A new Institute of Medicine report estimates the healthcare industry wastes $750 billion a year. Couple that with research showing a third of all healthcare spending is unnecessary, and everyone can agree healthcare costs are out of control.
Such astronomical figures were on my mind as I watched a screening this week of Money and Medicine, a new PBS documentary airing Sept. 25 that examines soaring healthcare costs through the lens of overdiagnosis and overtreatment.
In addition to identifying areas that drive excessive healthcare (e.g., end-of-life care, diagnostic testing and screenings), it offered some strategies to help keep escalating healthcare costs in check.
Like the IOM report, the film points to patient engagement and, more importantly, shared decision making as key to delivering more cost-effective care.
The film featured Utah's Intermountain Healthcare for its success at reining in runaway healthcare expenditures. It attributes some of that success to participation in a collaborative with Dartmouth-Hitchcock and the Mayo Clinic that uses a formal set of shared decision-making tools and then measures their impact, Brent James, M.D., Intermountain's chief quality officer, told FierceHealthcare.
"The other place where I've seen real success with shared decision making within our system is at the level of ICU care and hospice, which starts on an outpatient setting," James said, noting that even though provider-patient conversations take time, they need to happen. And after they happen, those shared decisions must be carried forward every time the patient comes into contact with the system.
Another key ingredient to shared decision making, according to James, is family involvement. Including the family in the decision-making process has helped Intermountain and Utah achieve one of the highest hospice rates in the country--which is associated with care that is must cheaper and much more receptive to patient wishes, not to mention, longer life expectancies, James noted.
But what the film fails to address is that a lot of overtreatment and excessive costs stem from defensive medicine.
In countless surveys, doctors have admitted to providing too much medical care.
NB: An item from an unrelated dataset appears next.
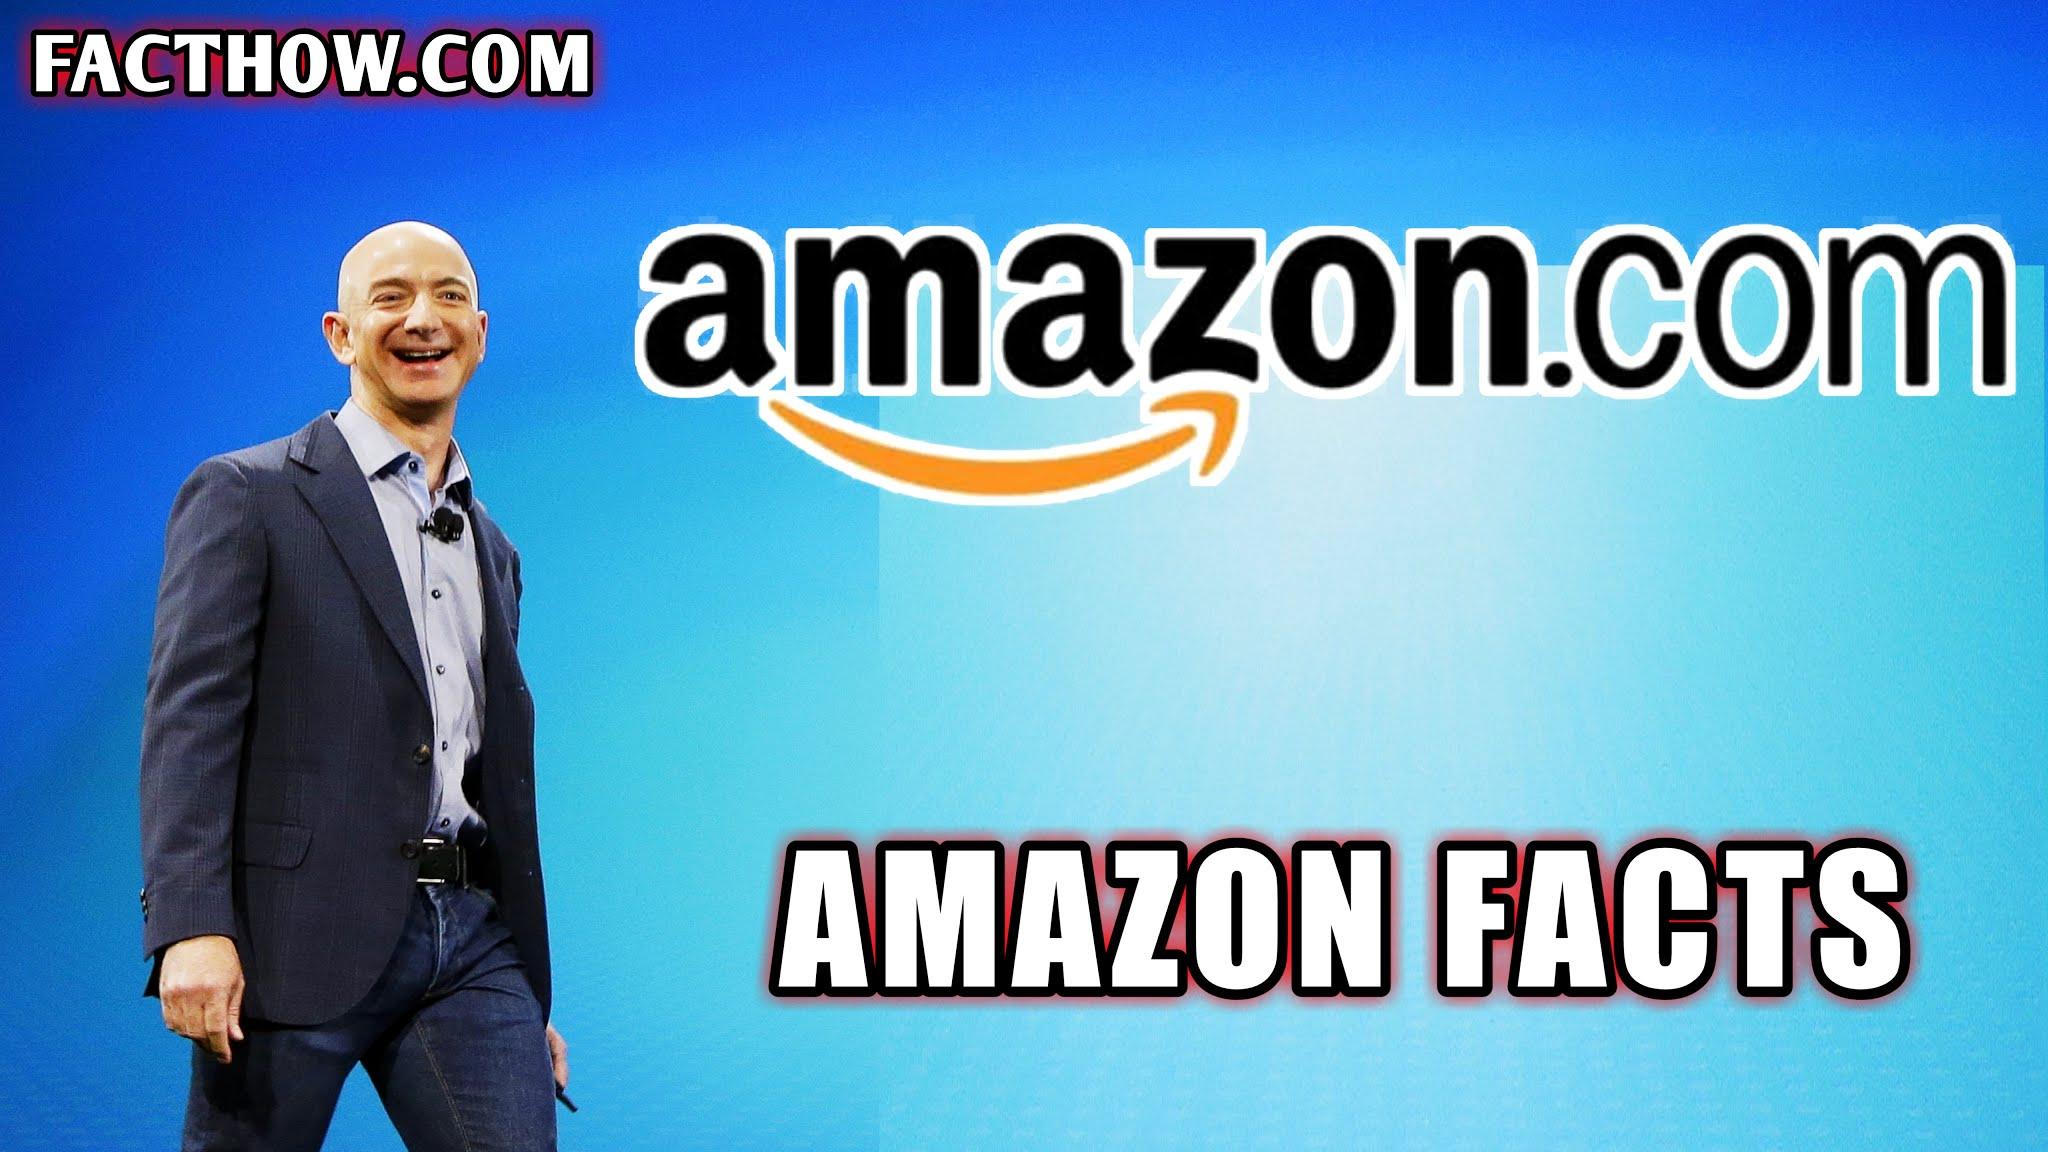 amazon-interesting-fun-facts-hindi-Amazon-prime-video-web-series-list-hindi-amazon-prime-video-releases-fact-how-facthow-jeff-bezos-richest-person-world

They cite malpractice concerns, current reimbursement systems and clinical performance measures as the main forces behind more aggressive healthcare.
"The term I like to use for it is 'rescue care.' And it's an attitude as much as anything--if it might work, let's do it. It's the hope for the miracle," James said. "But maybe only 1 in 100 will get the miracle, and the other 99 are going to get a little bit of harm, at massive expense."
Even if providers practice defensive medicine to avoid medical errors, those extra procedures and screenings actually increase the likelihood of error and additional complications, according to Sanjay Gupta, the associate chief of neurosurgery at Grady Memorial Hospital and the chief medical correspondent for CNN.
With such stats, healthcare needs a culture change--one that moves providers away from the mindset that more care means better care.
"It's this real aggressive disposition to do more--even when more is not better. How do we deal with that, and how do we get better service to our patients in terms of what really works," James said.
Some would say the solution must include tort reform. For Gupta, short of abolishing defensive medicine, simply asking fellow doctors to justify the procedures they order and perform can help providers rethink care decisions.
Meanwhile, James is hoping for a more "old-school" approach to improve efficiency and eliminate waste. "The primary role of a good clinician is to be a wise counselor, a trusted advisor--that's the thing patients value more than any other thing."
But, he noted, as the science of medicine advanced during the past 50 years, the basics of caring have fallen by the wayside. "Maybe it's going home to our roots and getting much better in that role of wise counselor, trusted advisor."